I have never liked Jello. Its gelatinous consistency has always been off-putting, even when I was a kid. The worst is Jello with fruit suspended in the jell. For some reason it reminds me of an alien attack and stun guns. Give me chocolate pudding and tapioca any time.

I don’t remember when I first started drinking coffee. I think it’s been a morning ritual the whole of my life. Nothing beats a good, hot cup of coffee, but I’ll even drink bad coffee rather than none at all. Ghana has bad coffee, but I still drank it for two years and two return trips. I always found coffee shops everywhere else in my travels. In Italy I drank cappuccino after dinner. It was my favorite way to end a meal.

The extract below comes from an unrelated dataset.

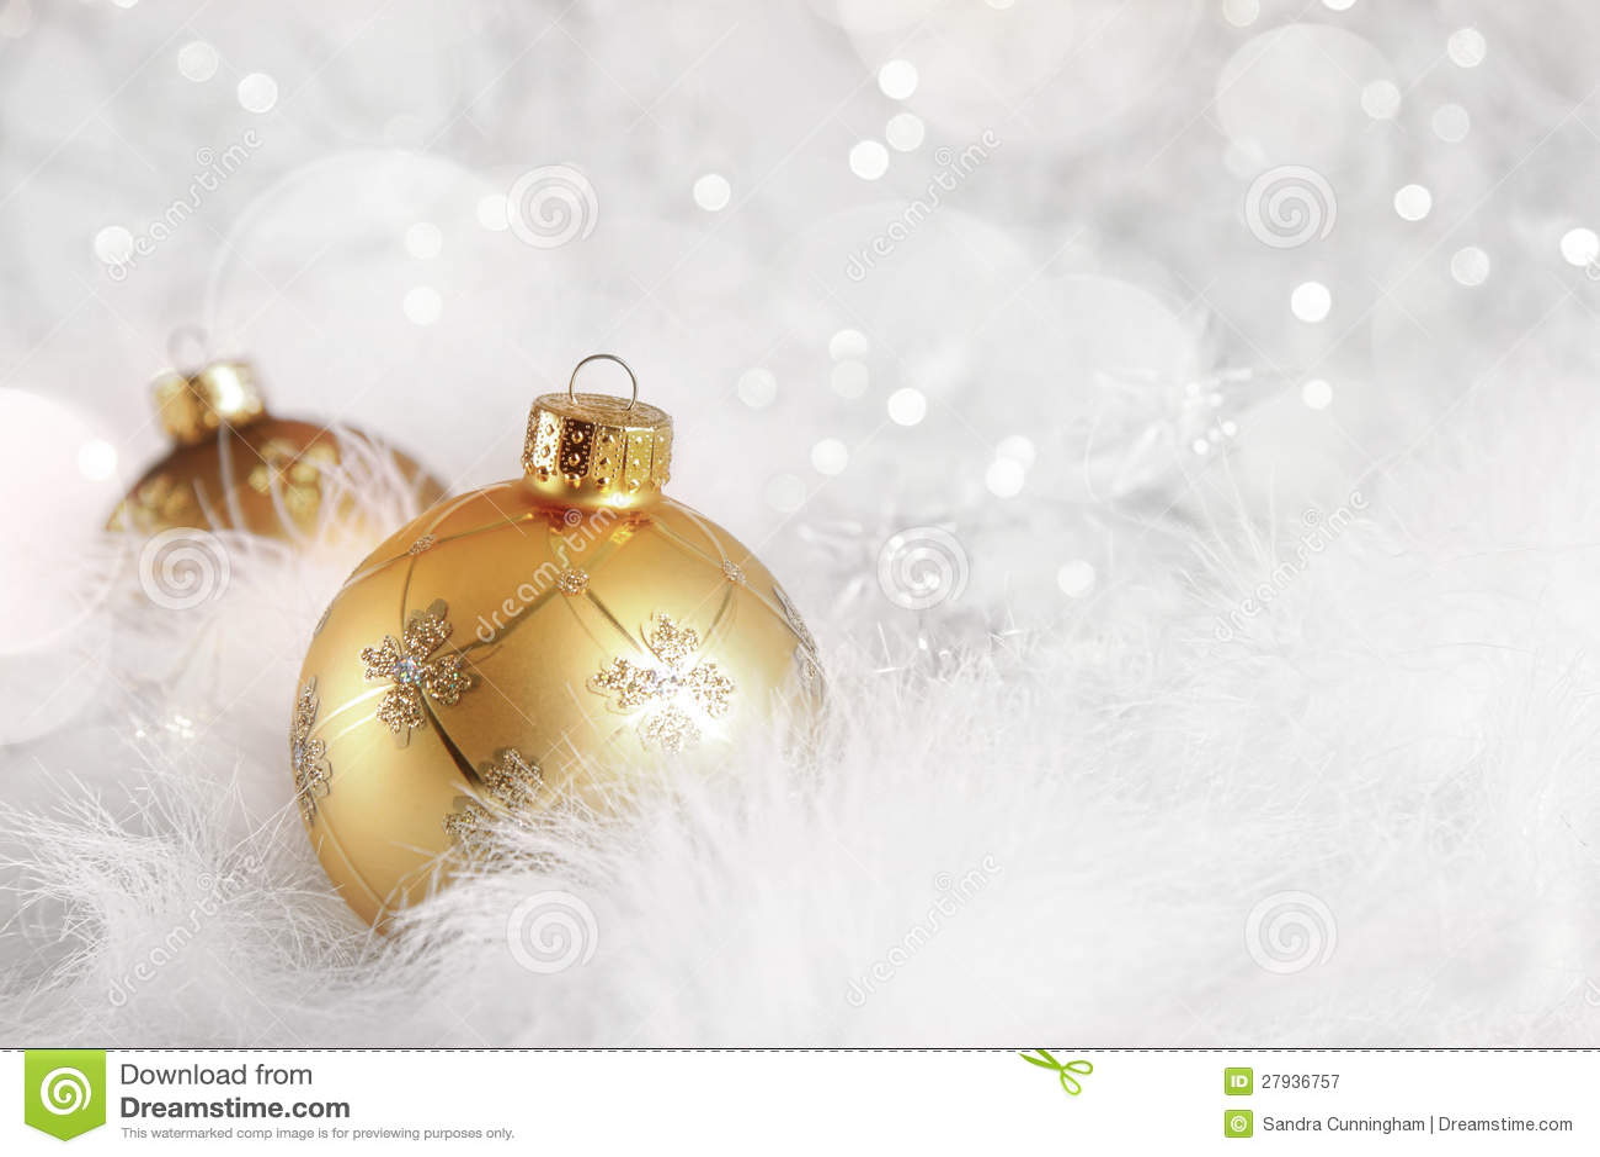 Golden Christmas Balls On Holiday Background Stock Image Image Of Christmas Celebrate 27936757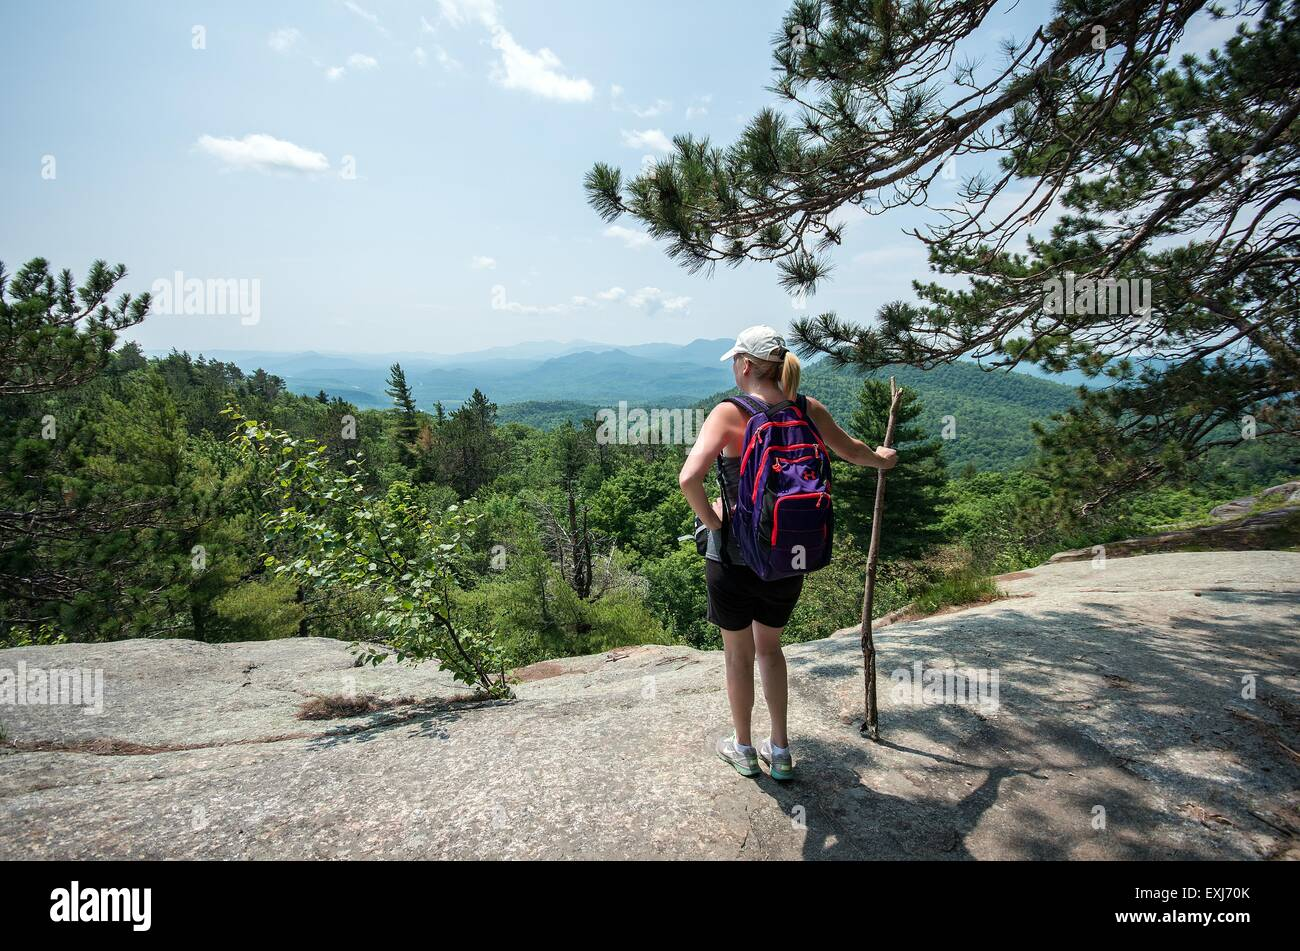 Hiking to the summit of Poke-O-Moonshine mountain - Stock Image

I used to wear panty hose, nice shoes and dresses to work every day. I even changed my earrings to match my outfits. This summer will be the tenth anniversary of my retirement. I haven’t worn panty hose in all that time. No event is important enough to warrant panty hose.

I don’t eat tuna salad. When I was growing up, we couldn’t eat meat on Fridays so mostly my mother made tuna fish sandwiches for our lunch boxes. Once in a while it was egg salad but mostly tuna. Even if we got a sub on after pay-day Fridays, it was always tuna. I added pickles, onion and hot pepper to jazz up mine. They only helped a little. I figure during that time I ate enough tuna to last me a lifetime.

I love roast turkey. I buy one every now and then and eat it for about a week. I have it straight from the bird the first few days with all the trappings: mashed potatoes, stuffing, a vegetable or two, cranberry sauce and gravy. I then start having sandwiches with cut turkey, stuffing and cranberry sauce. I use mayonnaise to hold it all together. I make turkey salad next and have it for a lunch for a few days. Finally I throw the carcass into a huge pan, boil it for a while, strip it of meat, add veggies and make turkey soup. I freeze some for later. A turkey is forever.

In a bit, Gracie and I will brave the elements to do a couple of errands. Sadly for her, I am forgoing the dump trip because of the rain. She’s asleep and won’t notice.

“…I don’t just wish you rain, Beloved – I wish you the beauty of storms…”

March 23, 2014

More croci and snowdrops have bloomed in the front garden which gets the first sun in the morning. The purple crocus is the newest one. It sits among the many yellow croci. More snowdrops have bloomed beside the steps. Their white flowers are brilliant against the dark of last year’s mulch. Every morning the garden seems to have a new flower, a surprise for me.

A light grey cloudy sky hides the sun. When I look out the den window, the bare branches look stark. The sun usually softens the look of them. No buds have appeared yet, not even on my forsythia always the first to bloom.

When I was a really little kid, I didn’t notice the subtleties of the world around me. I noticed the changing leaves in fall, the trees full of green shading the sidewalk on my way to school and the snow and the rain. I didn’t notice the smell of summer rain or the strange color of the sky before a snow storm until I was a little older. I always wondered how I could have missed them, the wonderful pieces of the changing weather.

I remember how the sky would start to darken and the darkness would deepen and spread. I knew a storm was coming, a huge storm, and I got to watch it from the very beginning. My heart would beat a little faster as the clouds, dark, threatening and scary, moved above me. Sometimes I could even see the rain coming at me, and I’d run into the house. I’d sit by the window and watch it all unfold in front of me. The drops were heavy and there were so many the rain ran like a river in the gutters along the street. The houses near mine became indistinct, hidden by the rain.

I stayed and watched. Sometimes the rain stopped slowly small drop by small drop. Other times it just stopped, finished in its fury.